僕は、日本在住の近代的な生活を営む24歳の男だが、時として、まるで、ウルルン滞在記に出てくるような裸族が、よくわからない祭をしている時のような声を上げてしまうことがある。



ゴキブリが出た時だ。アレが目の前に現れただけで、僕は反射的にどうかしてる人みたいな行動をとってしまう。その時ばかりは、一切の抑制も利かない。効率的にアレの対角線上に逃げながら(防御本能)、人目をはばからずにキャーキャー言う。それまで積み上げてきた威厳も、尊厳も、強制的に全てゼロへと巻き戻されてしまう。次の瞬間から、『また一から出直す』ことを余儀なくされる。悔しいが、あの虫けらにはそれだけのパワーがあることを認めざるを得ない。姿かたちは勿論、そういうところも全てひっくるめて僕はゴキブリが嫌いだ。もう、嫌いというよりも、恐いという方が正しい。大半の日本人はこうなんじゃないだろうかと思っている。

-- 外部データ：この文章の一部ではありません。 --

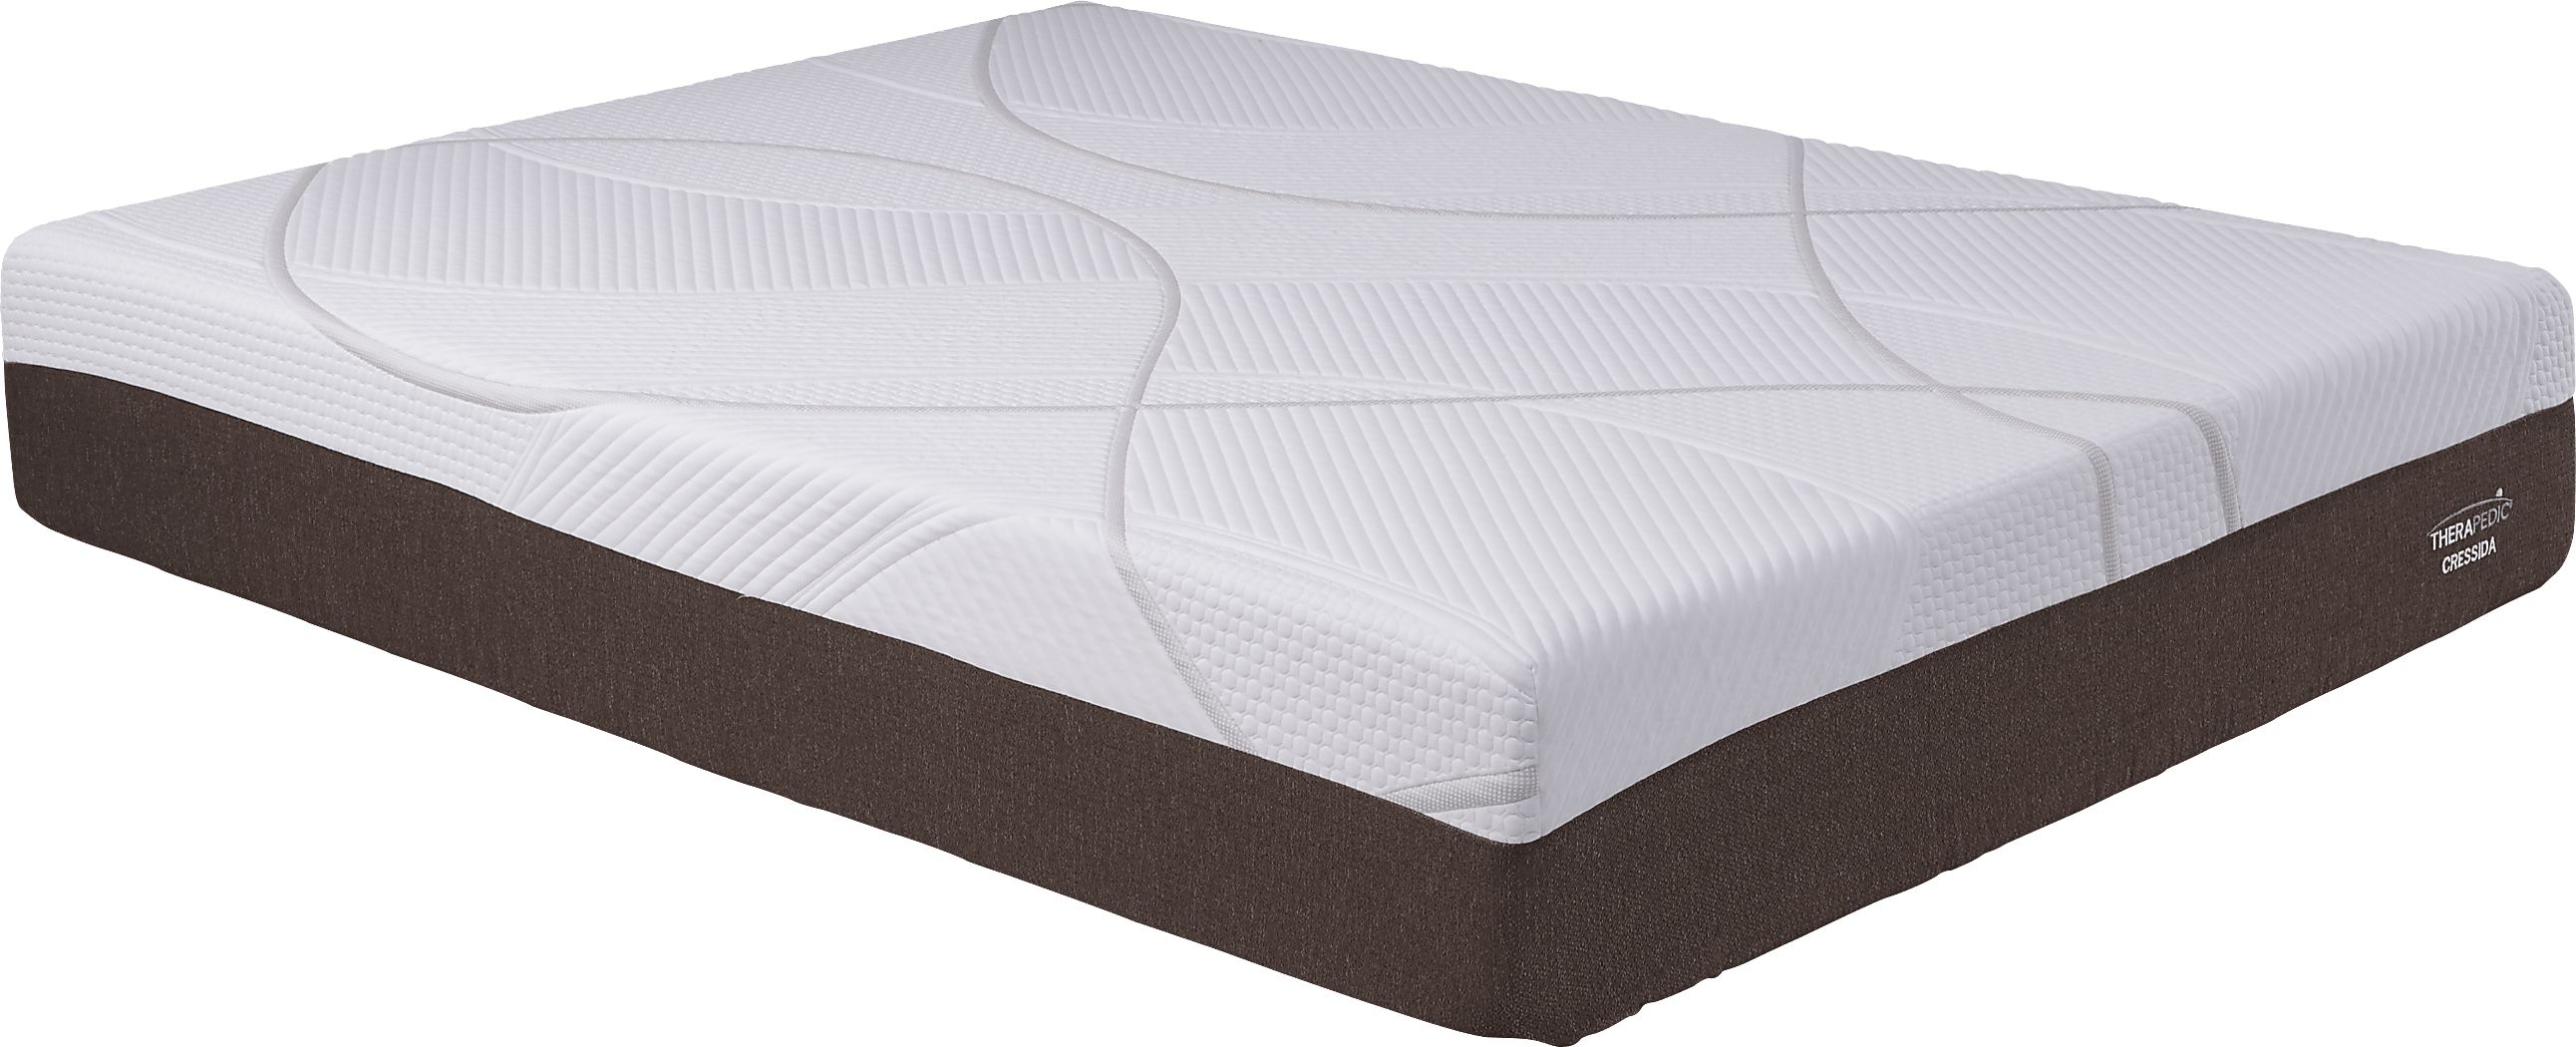 therapedic berkley queen mattress set review

しかし、稀にだが、「ゴキブリ?平気平気。」という人知を超えた馬鹿野郎も存在する。あれは一体どういう神経をしているんだろうか。僕には全く理解が出来ない。友人にも1人いるが、彼はなんとあの強敵に、『ティッシュ2枚』という信じられないほどの軽装備で挑むのだ。そして、勝利する。自分の出来ないことをサラリとこなしてしまう人というのは、常に羨望してしまうものだが、ことコレについては全く羨ましくない。むしろ気持ち悪ささえ感じてしまうから不思議だ。



何故こんなことをこんな時間(5時!ヤベー・・・)に書いてるかというと、寝ようと思った際、部屋にゴキブリが現れ、そして消えたのである。下手に眠れないのだ。